The problem in Sinead's call for protection & my friend's story are the same: that women are somehow inciting the violence and oppression that exists in the world. And that if they just behaved as proper ladies (and covered up) they would be "protected".

This idea is sexist and exclusionary. The idea that she should be "protected" is bunk. It denies her agency and does nothing to challenge the reality that the world is dangerous in ways beyond the control or any one person (protector or protected). Protection and preventative measures only go so far and are only available to those who can afford them (whether the cost be in $ or in compliance to "ladyship"). When we live in a culture that perpetuates it all the time there is no way sure way to protect against being harmed by the violence of predatory and patriarchal exploitation.

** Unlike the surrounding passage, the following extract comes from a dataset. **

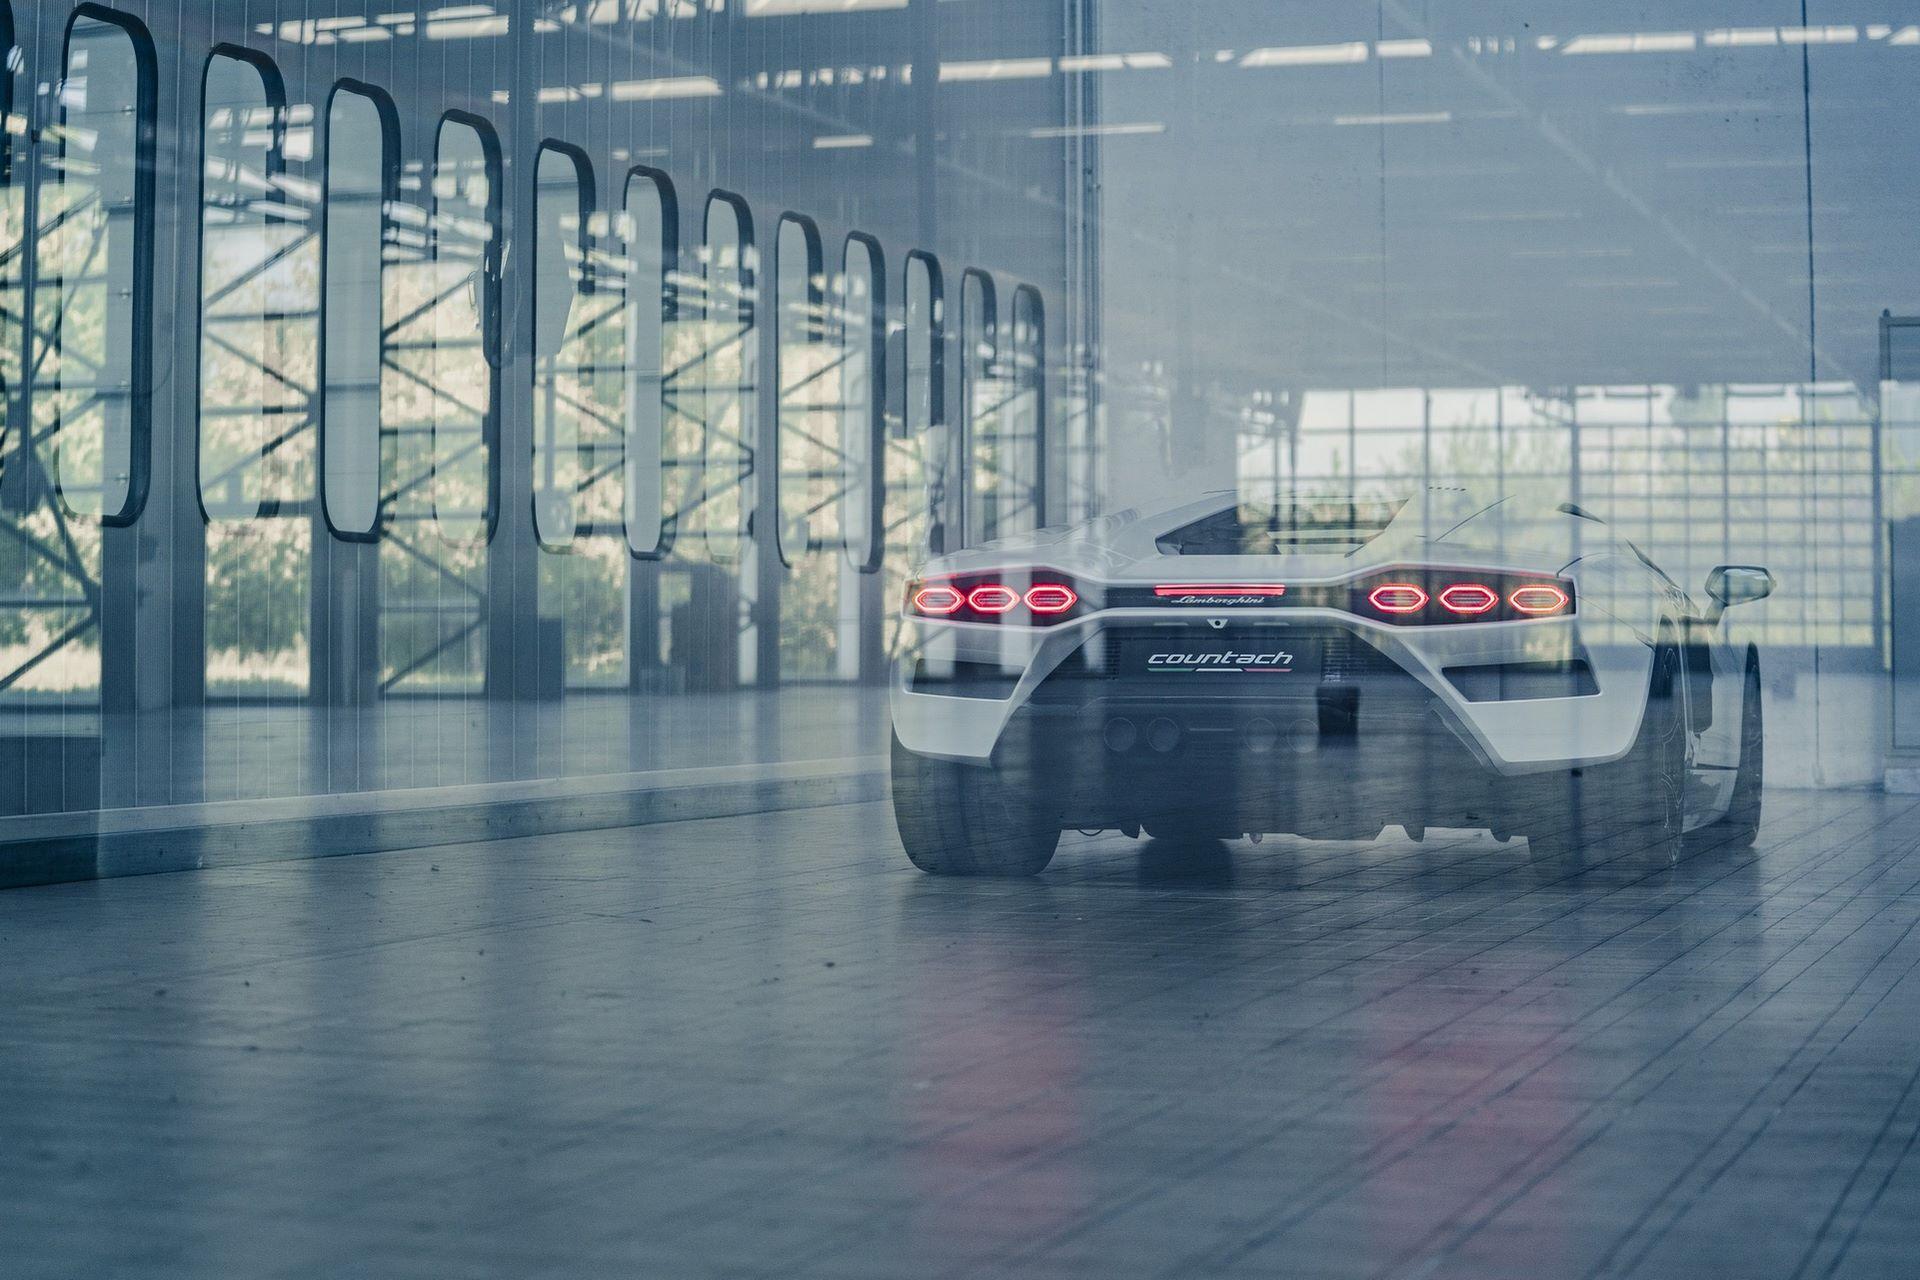 Lamborghini-Countach-LPI-800-4-59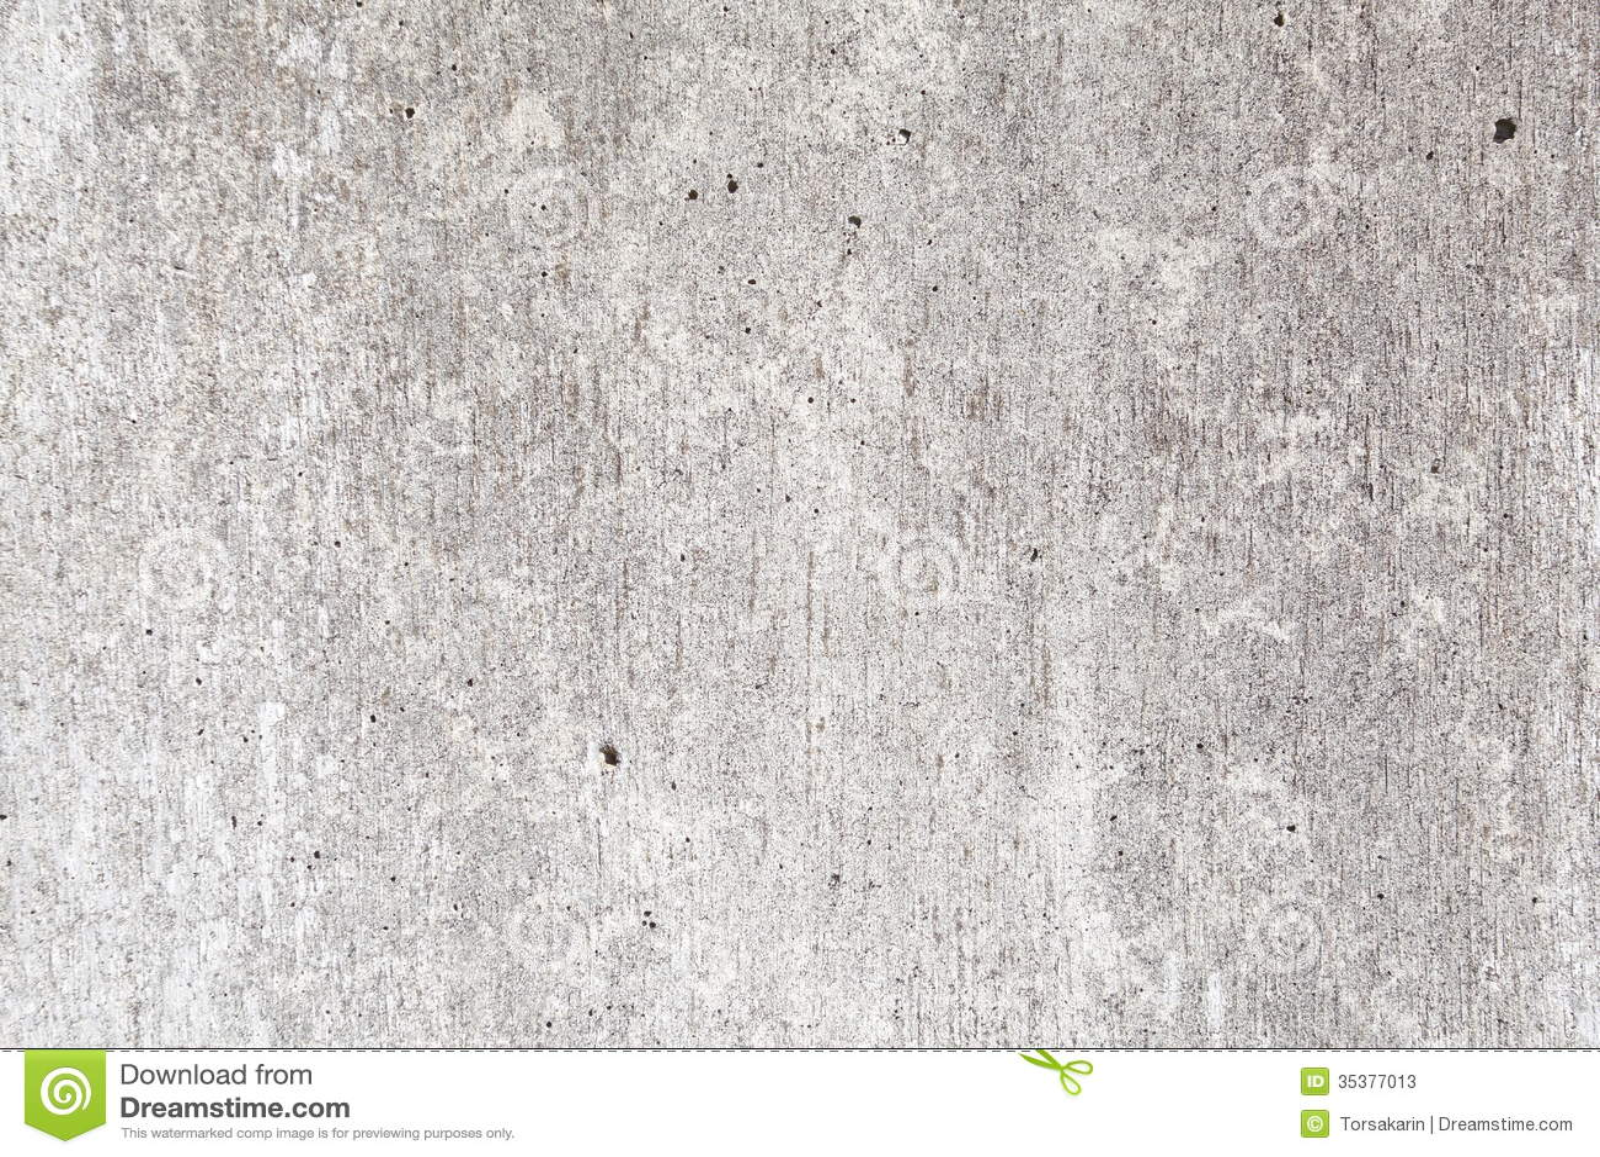 Fondo de escamas de concreto

I have more one smallish cut of beef about all of this. Why did this letter need to be open and public? In some sense Sinead's making public her disapproval for Miley's work creates a perfect beacon of faux-rightouesness for everyone who thinks that sex and sexual express is something women need to be protected from.

I find Miley's responses to Sinead deeply disrespectful and abusive in ways that are pretty fucking obvious. Just because I have some beefs with Sinead's letter and approach doesn't mean I think she need to be bullied by Cyrus and her supporters.

I know scarce little about Sinead's mental/emotional health and relationship to the music industry. I chose not to focus on those things in this piece. Many are defending Sinead's misstep on the bases of the trauma the music industry inflicted on her. And yes. Trauma is valid. Totally and completely. But victims and survivors of trauma don't get a special pass to shame/boss/save others who have had or are having similar experiences.

I understand that seeing people make choices that might hurt them in the long run is painful. And yes, speaking up in those instances can be life saving, but interventions like this can and must be done with complete respect for the agency of the people we are trying to reach. We can't think we can save them, or that we can know their experience better than they do.

The dismantling of the patriarchy will not be accomplished by ignoring the agency of others, using sex work as a specter of shame and/or calling for protection for some women. Real prevention and harm reduction starts when we require everyone to confront and take responsibility for the violence and oppression they either directly participate in or are complicity endorsing in themselves and their communities by not speaking up. None of us are exclusively victims or perpetrators. We are all uniquely harmed by and responsible for the oppressions that exist in this world.

Sinead fails to communicate this in her letter. Her derogatory use of "prostitution", her calling for Miley's protection, highlight the uncomfortable cultural tension between the confining roles that patriarchy allows women to inhabit: the whore or the (protected) virgin/lady.
Due to Sinead's unfortunate missteps her open letter ends up echoing the privileged anti-sex work activists blindly shouting "save yourself" at sex workers. It's well meant but deeply condescending, and full of impractical solutions to the symptoms of our larger condition of patriarchal and capitalist oppression.